- Records -
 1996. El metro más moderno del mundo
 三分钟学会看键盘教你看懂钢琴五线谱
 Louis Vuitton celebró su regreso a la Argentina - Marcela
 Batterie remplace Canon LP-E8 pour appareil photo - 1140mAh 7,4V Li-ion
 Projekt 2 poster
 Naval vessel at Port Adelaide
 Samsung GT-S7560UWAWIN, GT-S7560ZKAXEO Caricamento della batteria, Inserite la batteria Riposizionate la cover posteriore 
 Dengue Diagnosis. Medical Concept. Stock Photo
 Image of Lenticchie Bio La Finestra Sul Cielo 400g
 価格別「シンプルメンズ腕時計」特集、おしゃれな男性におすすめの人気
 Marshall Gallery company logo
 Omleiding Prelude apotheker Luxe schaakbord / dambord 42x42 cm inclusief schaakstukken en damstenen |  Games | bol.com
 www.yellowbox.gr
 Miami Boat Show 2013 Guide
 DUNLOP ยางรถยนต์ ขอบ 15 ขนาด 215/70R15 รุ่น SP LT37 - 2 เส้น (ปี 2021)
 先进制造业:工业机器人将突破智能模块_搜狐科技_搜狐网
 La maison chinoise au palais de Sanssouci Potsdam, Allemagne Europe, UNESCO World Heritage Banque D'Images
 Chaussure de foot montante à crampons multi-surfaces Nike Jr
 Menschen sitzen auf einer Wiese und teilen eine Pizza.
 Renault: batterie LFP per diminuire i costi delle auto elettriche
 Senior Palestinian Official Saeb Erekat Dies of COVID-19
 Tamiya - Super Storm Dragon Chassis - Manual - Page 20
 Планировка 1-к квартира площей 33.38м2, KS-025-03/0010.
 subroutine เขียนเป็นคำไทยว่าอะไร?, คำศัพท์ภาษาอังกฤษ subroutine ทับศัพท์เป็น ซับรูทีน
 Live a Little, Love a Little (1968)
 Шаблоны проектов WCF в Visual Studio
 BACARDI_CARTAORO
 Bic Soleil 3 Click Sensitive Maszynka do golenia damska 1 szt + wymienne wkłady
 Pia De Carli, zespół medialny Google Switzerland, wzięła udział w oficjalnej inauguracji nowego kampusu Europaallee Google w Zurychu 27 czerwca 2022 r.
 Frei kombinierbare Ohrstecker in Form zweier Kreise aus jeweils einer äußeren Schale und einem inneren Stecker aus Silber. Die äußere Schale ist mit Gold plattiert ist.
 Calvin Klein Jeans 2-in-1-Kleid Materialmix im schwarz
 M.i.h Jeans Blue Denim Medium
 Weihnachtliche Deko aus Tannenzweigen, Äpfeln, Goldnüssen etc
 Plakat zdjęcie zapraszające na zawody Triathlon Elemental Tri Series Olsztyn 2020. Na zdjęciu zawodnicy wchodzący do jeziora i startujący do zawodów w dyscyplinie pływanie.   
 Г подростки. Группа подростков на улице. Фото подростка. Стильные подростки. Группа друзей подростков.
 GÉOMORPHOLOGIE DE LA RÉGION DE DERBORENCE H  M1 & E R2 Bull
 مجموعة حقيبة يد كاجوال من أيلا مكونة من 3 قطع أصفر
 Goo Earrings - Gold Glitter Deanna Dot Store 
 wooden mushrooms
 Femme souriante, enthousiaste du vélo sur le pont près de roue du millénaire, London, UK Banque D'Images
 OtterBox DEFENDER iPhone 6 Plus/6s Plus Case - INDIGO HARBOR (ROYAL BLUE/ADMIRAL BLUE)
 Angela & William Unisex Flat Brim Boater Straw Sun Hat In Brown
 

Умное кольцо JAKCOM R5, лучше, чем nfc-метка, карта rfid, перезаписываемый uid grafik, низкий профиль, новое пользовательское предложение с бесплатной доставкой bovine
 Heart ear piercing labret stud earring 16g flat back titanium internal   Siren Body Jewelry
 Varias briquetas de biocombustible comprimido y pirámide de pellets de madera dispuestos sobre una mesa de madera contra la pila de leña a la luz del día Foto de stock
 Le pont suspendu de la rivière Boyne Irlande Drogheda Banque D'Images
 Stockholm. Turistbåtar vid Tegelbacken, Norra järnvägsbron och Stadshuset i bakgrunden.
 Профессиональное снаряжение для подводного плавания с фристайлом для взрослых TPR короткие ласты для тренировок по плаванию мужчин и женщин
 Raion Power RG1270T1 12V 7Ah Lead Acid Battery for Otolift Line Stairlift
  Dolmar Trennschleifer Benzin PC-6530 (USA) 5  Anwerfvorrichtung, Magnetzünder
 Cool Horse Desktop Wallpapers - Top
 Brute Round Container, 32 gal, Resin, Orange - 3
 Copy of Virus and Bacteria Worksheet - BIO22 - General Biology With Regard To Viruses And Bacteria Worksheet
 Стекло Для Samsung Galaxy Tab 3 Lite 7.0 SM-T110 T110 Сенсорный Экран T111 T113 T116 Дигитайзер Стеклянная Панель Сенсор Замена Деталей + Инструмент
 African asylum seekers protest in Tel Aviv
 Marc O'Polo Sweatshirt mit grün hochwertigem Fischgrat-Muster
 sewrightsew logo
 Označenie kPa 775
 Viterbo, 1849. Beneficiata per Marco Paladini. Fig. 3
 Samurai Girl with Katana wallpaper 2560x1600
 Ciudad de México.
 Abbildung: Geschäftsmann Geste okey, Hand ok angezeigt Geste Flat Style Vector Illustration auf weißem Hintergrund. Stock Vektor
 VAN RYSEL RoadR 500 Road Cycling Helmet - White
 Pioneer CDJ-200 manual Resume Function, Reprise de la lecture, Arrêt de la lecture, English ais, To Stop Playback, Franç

- Task objective -
Transcribe word for word the lines from the one holding "Varias briquetas de" to the last line of the listing above, inclusive.

- Solution for this problem -
 Varias briquetas de biocombustible comprimido y pirámide de pellets de madera dispuestos sobre una mesa de madera contra la pila de leña a la luz del día Foto de stock
 Le pont suspendu de la rivière Boyne Irlande Drogheda Banque D'Images
 Stockholm. Turistbåtar vid Tegelbacken, Norra järnvägsbron och Stadshuset i bakgrunden.
 Профессиональное снаряжение для подводного плавания с фристайлом для взрослых TPR короткие ласты для тренировок по плаванию мужчин и женщин
 Raion Power RG1270T1 12V 7Ah Lead Acid Battery for Otolift Line Stairlift
  Dolmar Trennschleifer Benzin PC-6530 (USA) 5  Anwerfvorrichtung, Magnetzünder
 Cool Horse Desktop Wallpapers - Top
 Brute Round Container, 32 gal, Resin, Orange - 3
 Copy of Virus and Bacteria Worksheet - BIO22 - General Biology With Regard To Viruses And Bacteria Worksheet
 Стекло Для Samsung Galaxy Tab 3 Lite 7.0 SM-T110 T110 Сенсорный Экран T111 T113 T116 Дигитайзер Стеклянная Панель Сенсор Замена Деталей + Инструмент
 African asylum seekers protest in Tel Aviv
 Marc O'Polo Sweatshirt mit grün hochwertigem Fischgrat-Muster
 sewrightsew logo
 Označenie kPa 775
 Viterbo, 1849. Beneficiata per Marco Paladini. Fig. 3
 Samurai Girl with Katana wallpaper 2560x1600
 Ciudad de México.
 Abbildung: Geschäftsmann Geste okey, Hand ok angezeigt Geste Flat Style Vector Illustration auf weißem Hintergrund. Stock Vektor
 VAN RYSEL RoadR 500 Road Cycling Helmet - White
 Pioneer CDJ-200 manual Resume Function, Reprise de la lecture, Arrêt de la lecture, English ais, To Stop Playback, Franç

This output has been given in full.